Deed Vs. Title: The Difference Between These 2 Real Estate Terms
“A deed is a legal document used to confirm or convey the ownership rights to a property,” explains Anne Rizzo of Amrock, the title clearance company. “A deed or property deed must be a physical document signed by both the buyer and the grantor or seller.”
Title, however, is the legal way of saying you have property ownership. The title (or property title) is not a document, but a concept that says you have the rights to use that property.
So when you buy a property, you will receive the deed, a document that proves you have ownership. That deed is an official document that says you have title to the real estate.
How To Get The Deed And Take Title Of A Property
To get the deed and “take title,” or legally own the property, your lender will perform a title search of the public record. This ensures that the grantor or seller has the legal right to transfer ownership of the property to you as owner, and that there are no liens, personal property disputes, or claim possessions against it.
If everything is clear, then at closing, the grantor or seller will transfer the title to you, and you have legal ownership of the real estate.
The title or escrow company will then ensure that the deed is recorded with the county assessor’s office or courthouse, depending on where you live. You’ll generally get a notification a few weeks after closing that your deed has been recorded.

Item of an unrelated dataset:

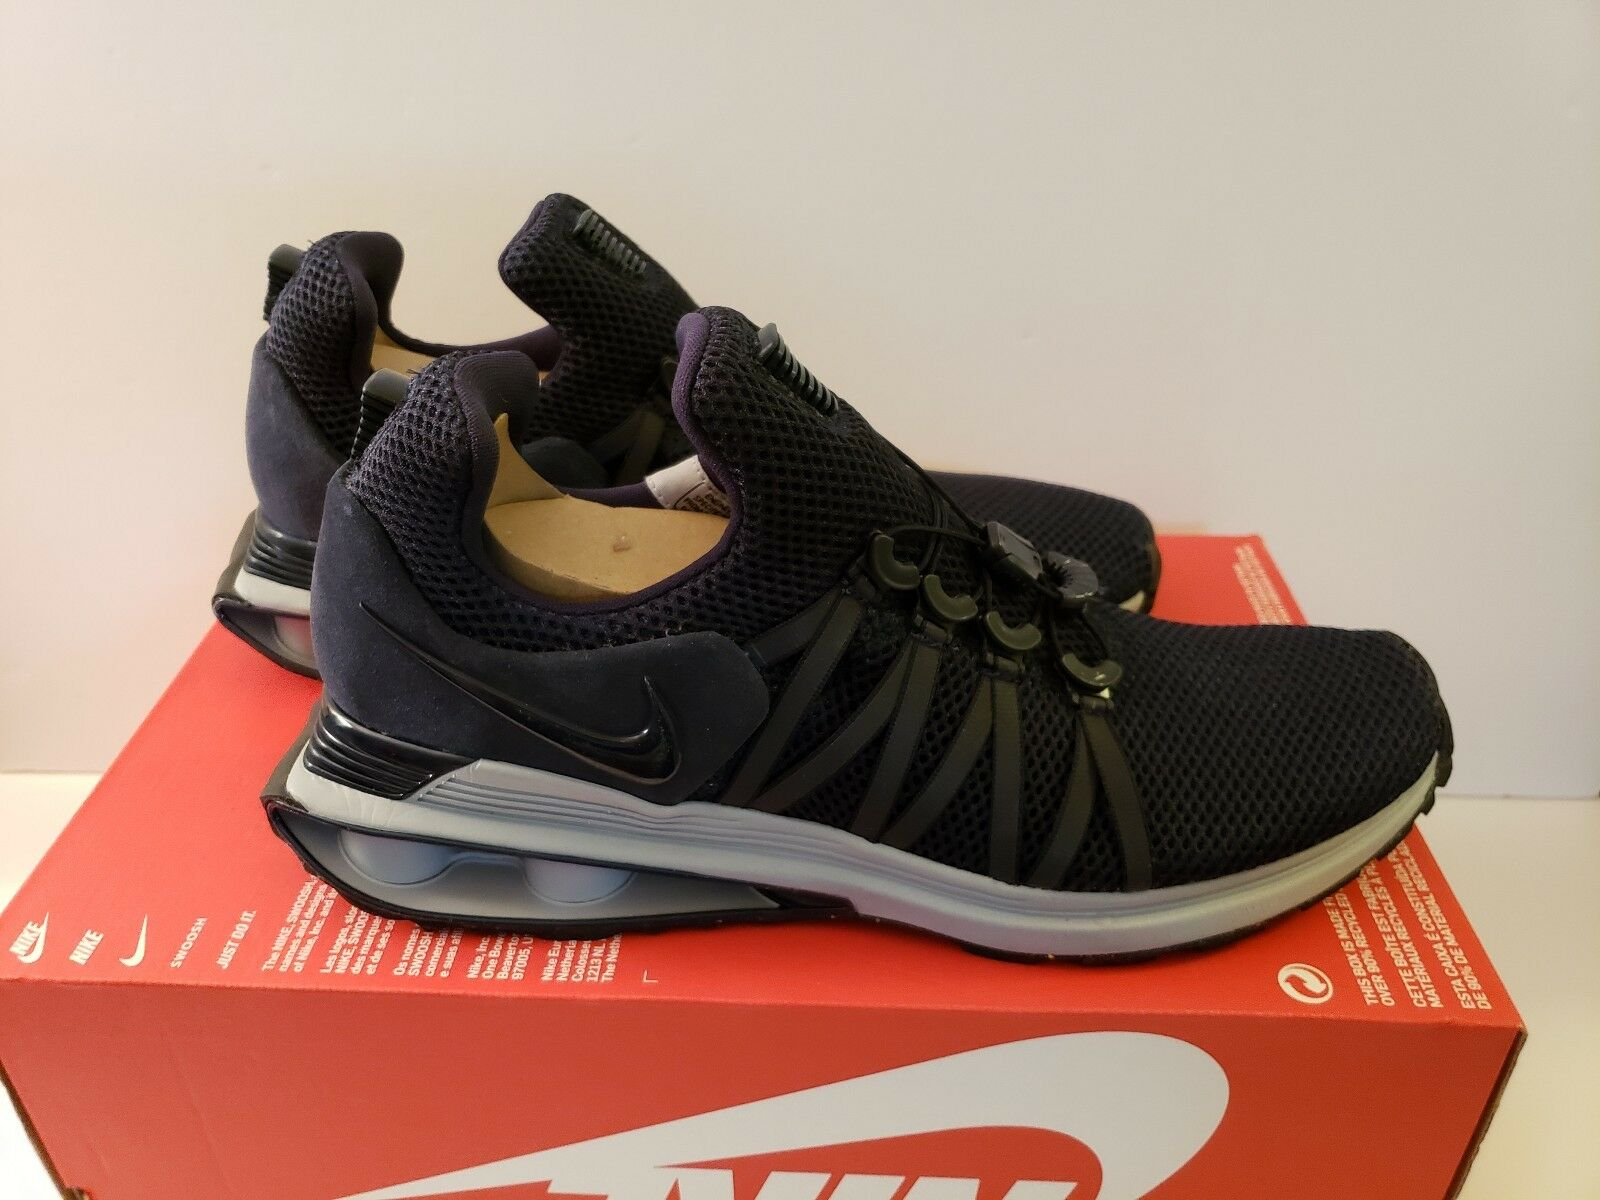 Nike Shox Gravity Sz 11.5 New AR1999 402  trainer running shoes

If you don’t, check with the professional who did your closing and ensure that the paperwork and other legal documents have been filed. At that point, you have the deed and title to the real estate, and the property is all yours.
What Is Title Insurance?
Even with all of the due diligence a title company does before a real estate closing, there are rare instances when title problems can pop up later (e.g., missed liens and other legal issues that can be very costly to resolve). To protect against any financial loss, two types of title insurance exist: owner’s title insurance and lender’s title insurance.
“Unlike other types of insurance that protect the policyholder from events that may happen in the future, an owner’s title policy protects the buyer from events that have happened in the past,” says Rizzo.
“That may jeopardize their financial interest, such as title defects from fraud or paperwork errors, issues with foreclosure, an unknown encumbrance, unpaid liens against the property, or claims that someone else (perhaps an heir) has possession, is the real, legal property owner.”
On the other hand, when you secure a mortgage, your lender or bank will require that you purchase lender’s title insurance to protect the lender’s real estate investment in case any title problems arise.
Lender’s title insurance essentially protects the lender’s interest in your property, which is typically until your mortgage is paid off.